On Mon, Jan 21, 2019 at 6:02 AM Dongjin Lee <dong...@apache.org> wrote:

> Hi Ismael,
>
> After reviewing `LogValidator#validateMessagesAndAssignOffsetsCompressed`,
> yes, you are right. If source codec and target codec is identical and the
> magic is above 0, the broker can do an in-place assignment, without
> recompressing. Sorry for my misunderstanding.
>
> Since we don't need `compression.[gzip,lz4,zstd].level` and
> `compression.[gzip,snappy,lz4].buffer.size` anymore, I will revert those
> changes and update the KIP with the recent discussions. I will complete it
> in 48 hours from now.
>
> Thanks,
> Dongjin
>
> On Mon, Jan 21, 2019 at 4:18 PM Dongjin Lee <dong...@apache.org> wrote:
>
> > I see. Let me have a check.

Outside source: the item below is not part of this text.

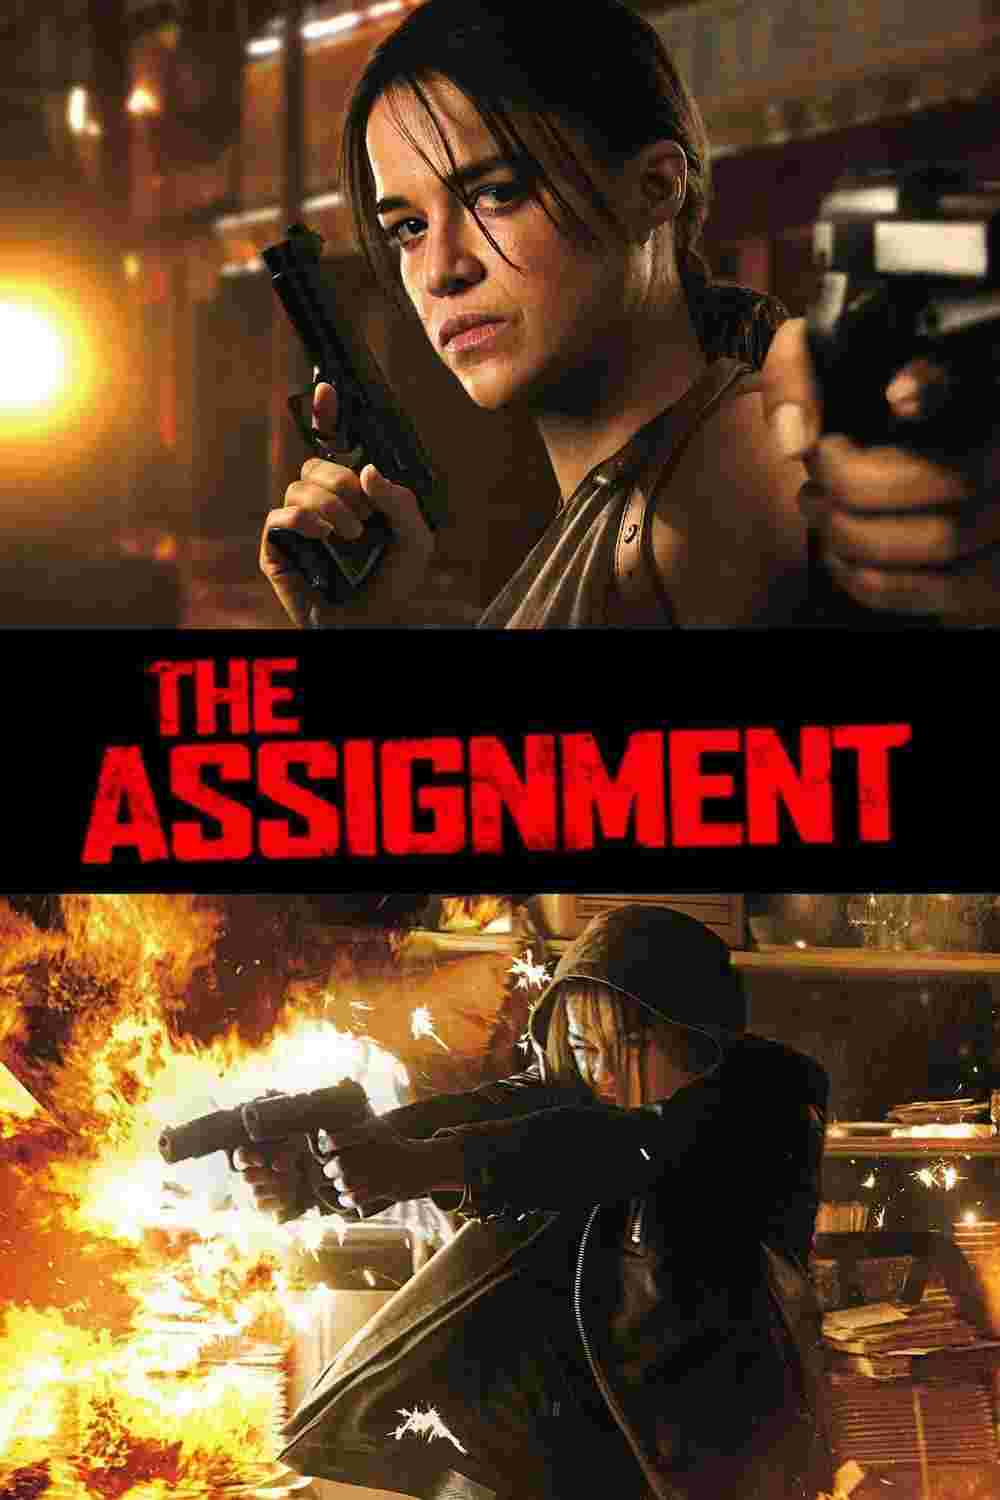 The Assignment (2016) Michelle Rodriguez
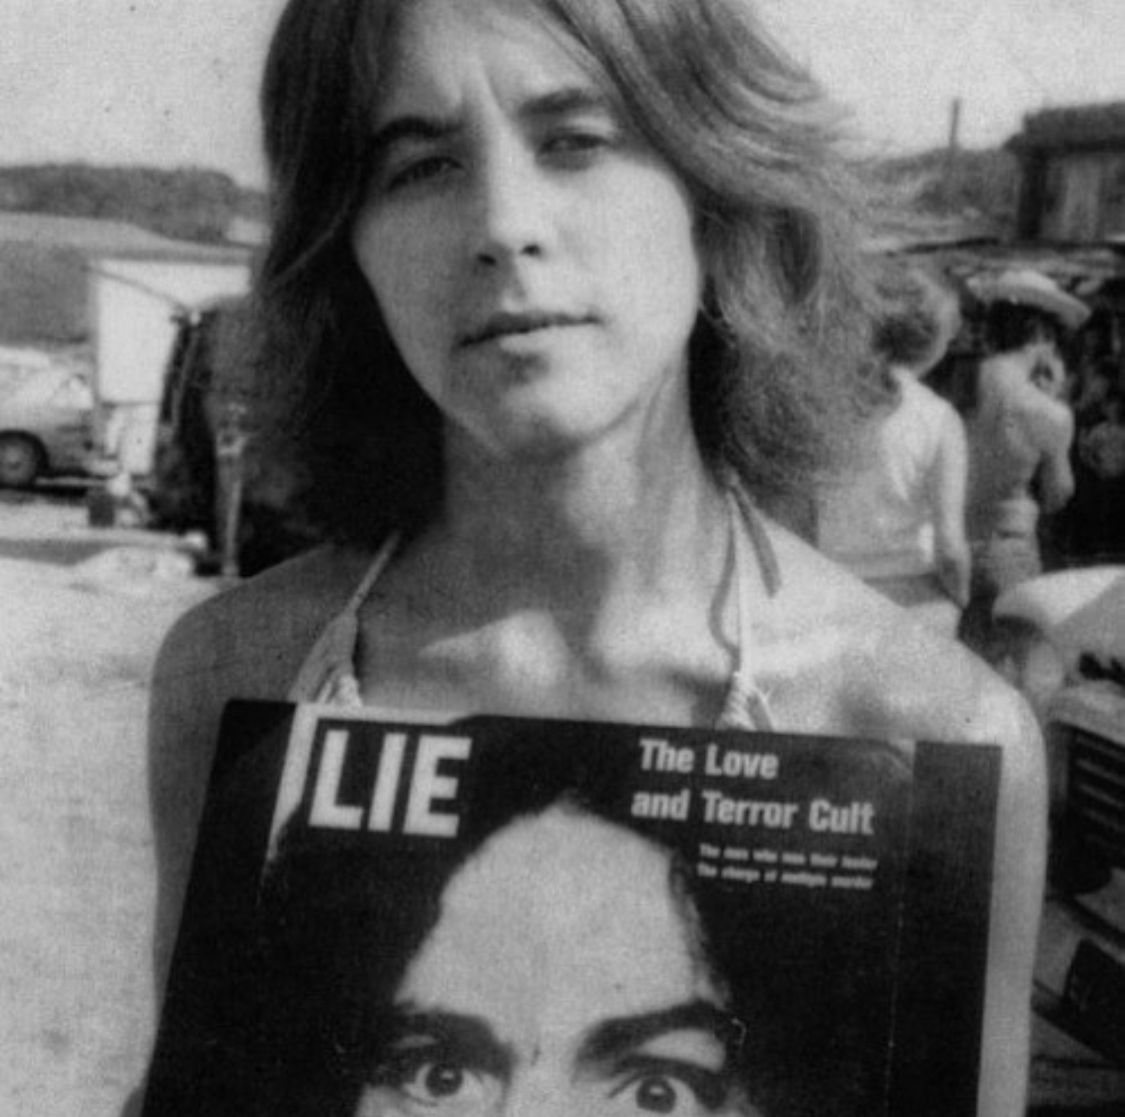 Ruth Ann Moorehouse holding Charlie's first record, LIE | Charles manson family, Manson family, Charles manson

If not needed, of course, we don't have to
> > waste on configuration options.
> >
> > Since the KIP deadline is imminent, I just opened the voting thread.
> Let's
> > continue the discussion here.
> >
> > Best,
> > Dongjin
> >
> > On Mon, Jan 21, 2019 at 1:30 AM Ismael Juma <ism...@juma.me.uk> wrote:
> >
> >> Hi Dongjin,
> >>
> >> When the compression type is "producer", then the broker doesn't
> >> recompress
> >> though. Thinking about it some more, there are some uncommon cases where
> >> recompression does happen (the old (and hopefully hardly used by now)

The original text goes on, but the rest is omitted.